In the records below, the lines between the one holding "34++ Macys fine jewelry phone number ideas" and the one holding "Apollo Program Facilities", inclusive, are to be transcribed exactly; no pictures are to be included.

----- Given data

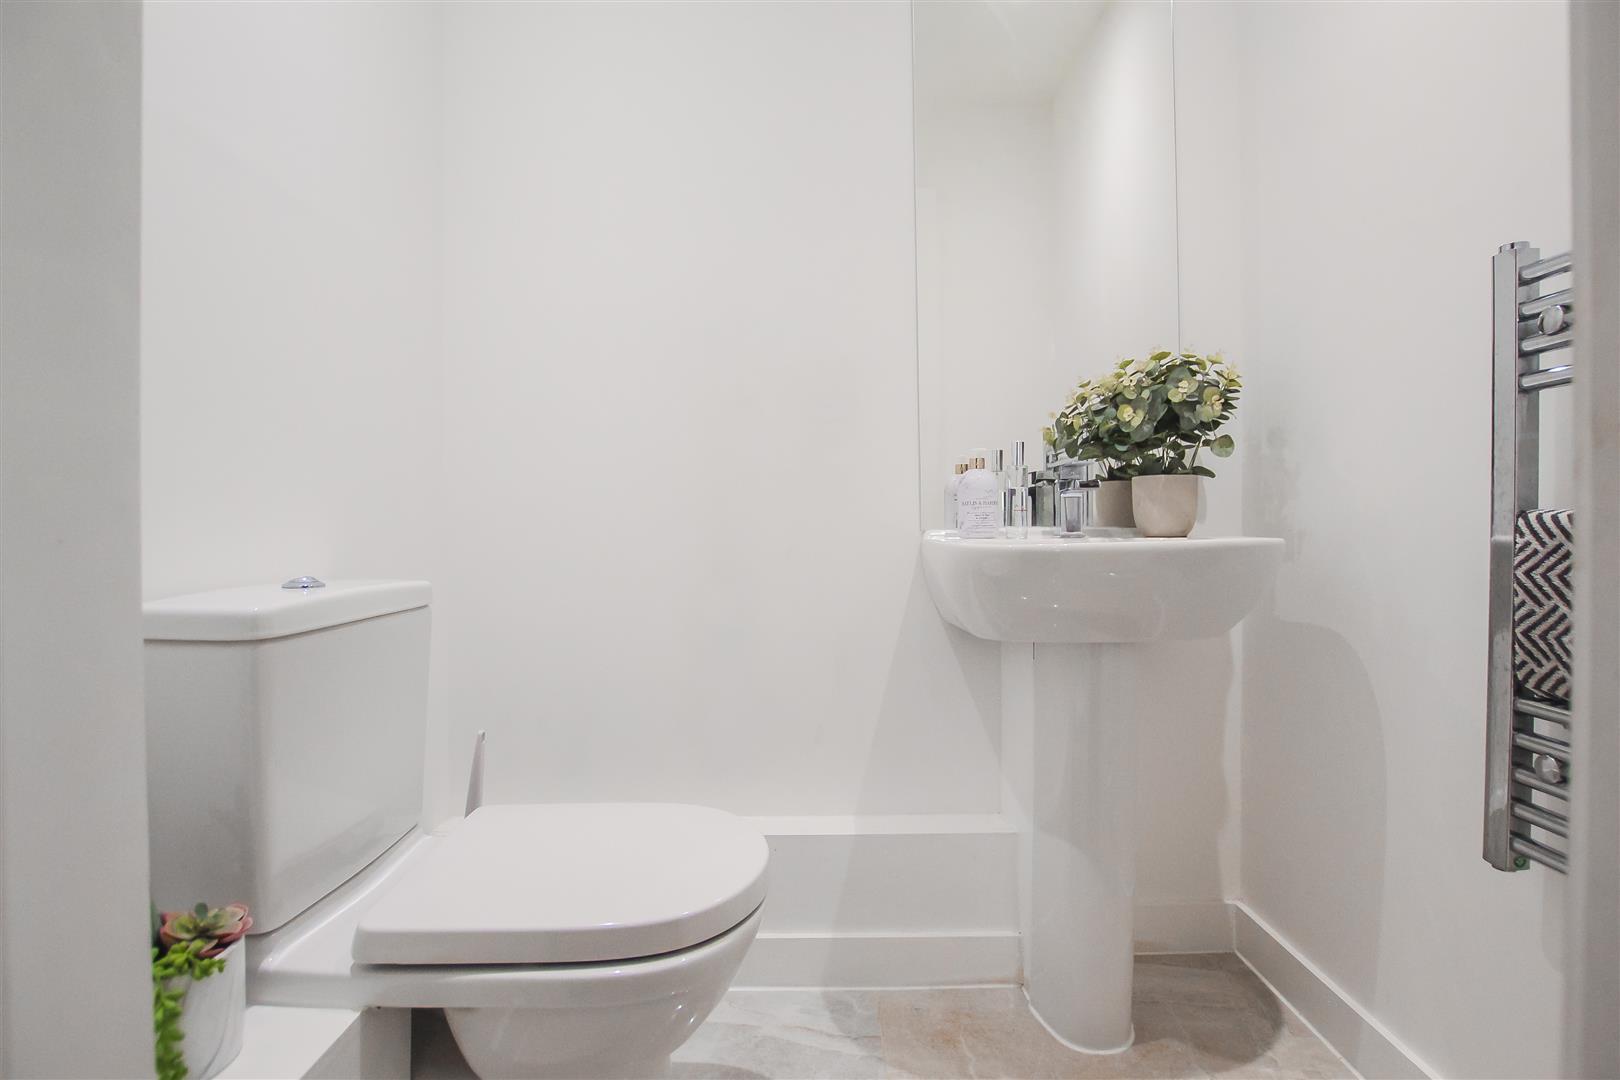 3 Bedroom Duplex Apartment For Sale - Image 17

----------
----- Given data

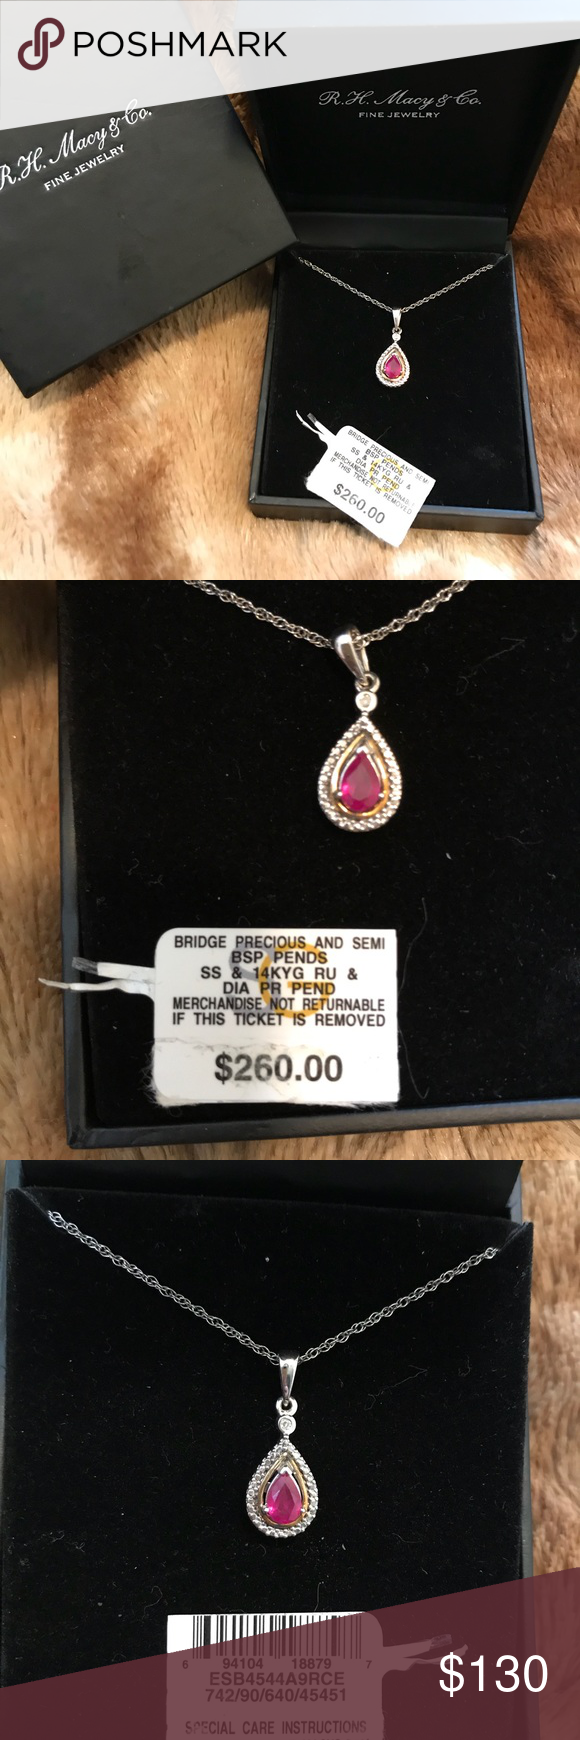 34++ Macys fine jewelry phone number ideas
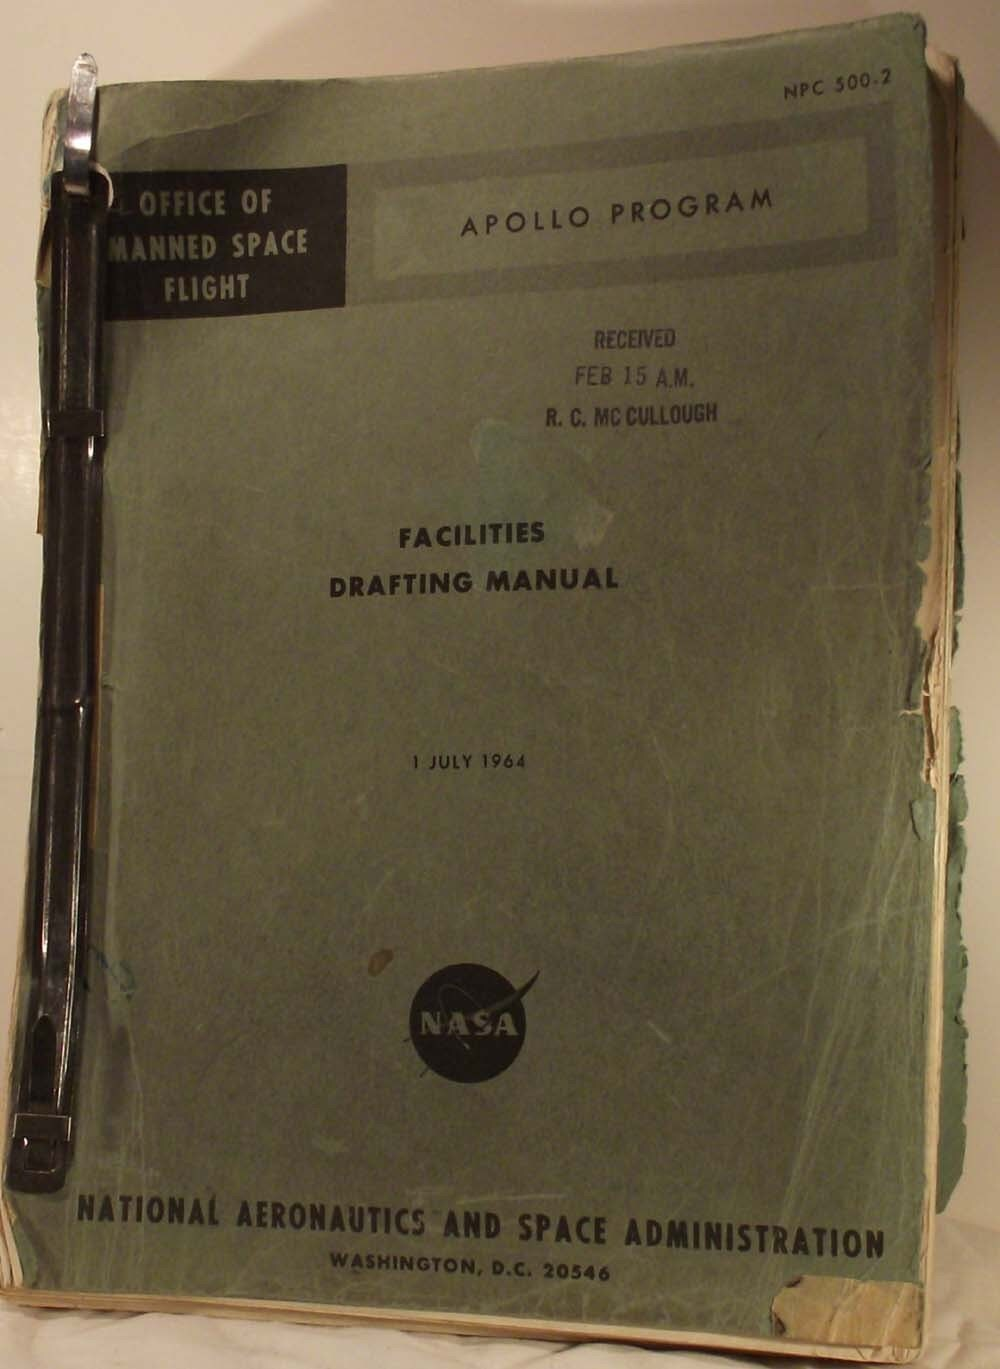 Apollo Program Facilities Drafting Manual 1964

----------
----- Given data

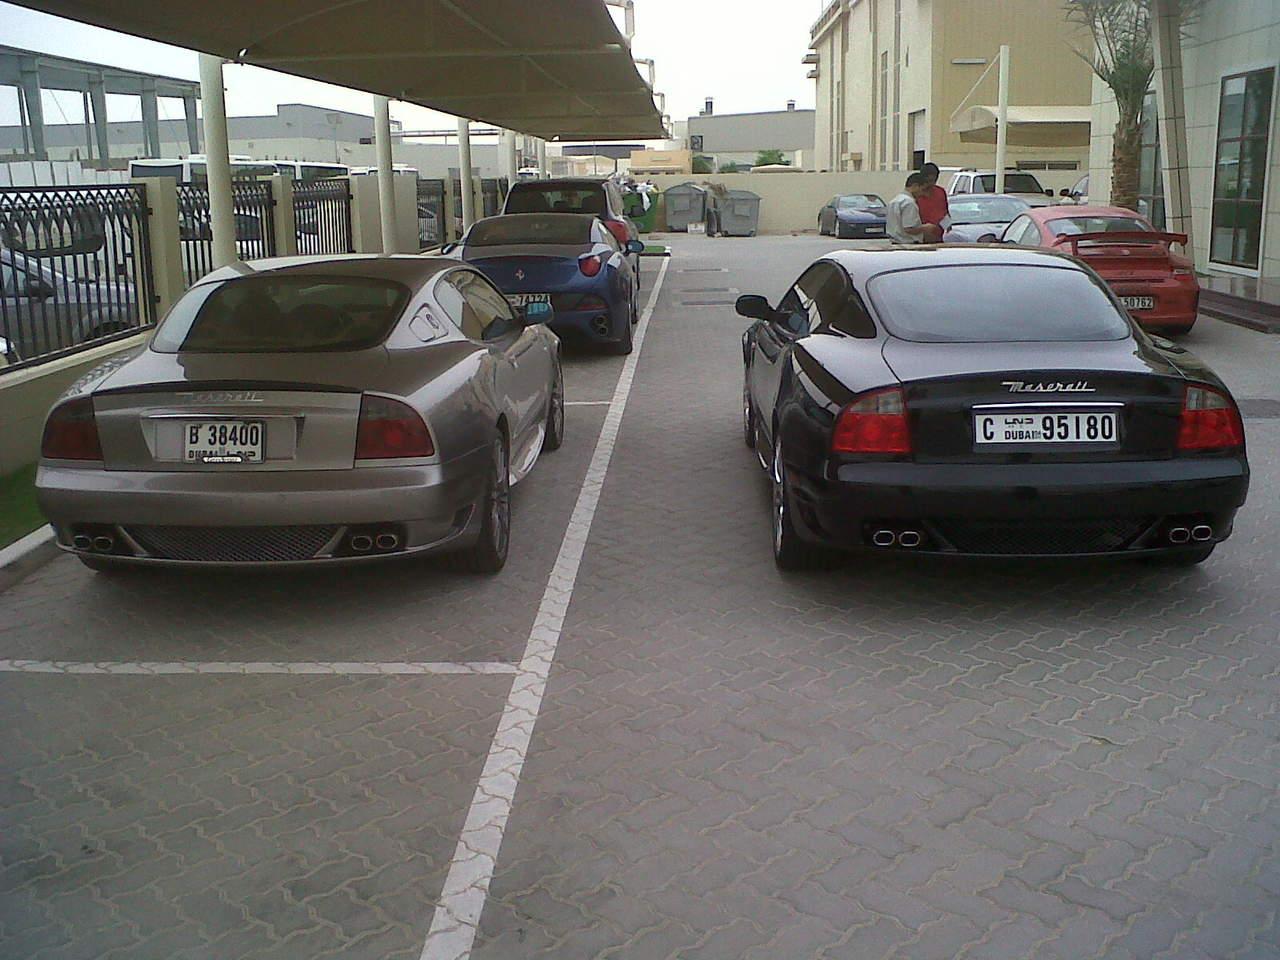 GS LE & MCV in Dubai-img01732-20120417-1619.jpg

----------

The completed task.
 34++ Macys fine jewelry phone number ideas
 Apollo Program Facilities Drafting Manual 1964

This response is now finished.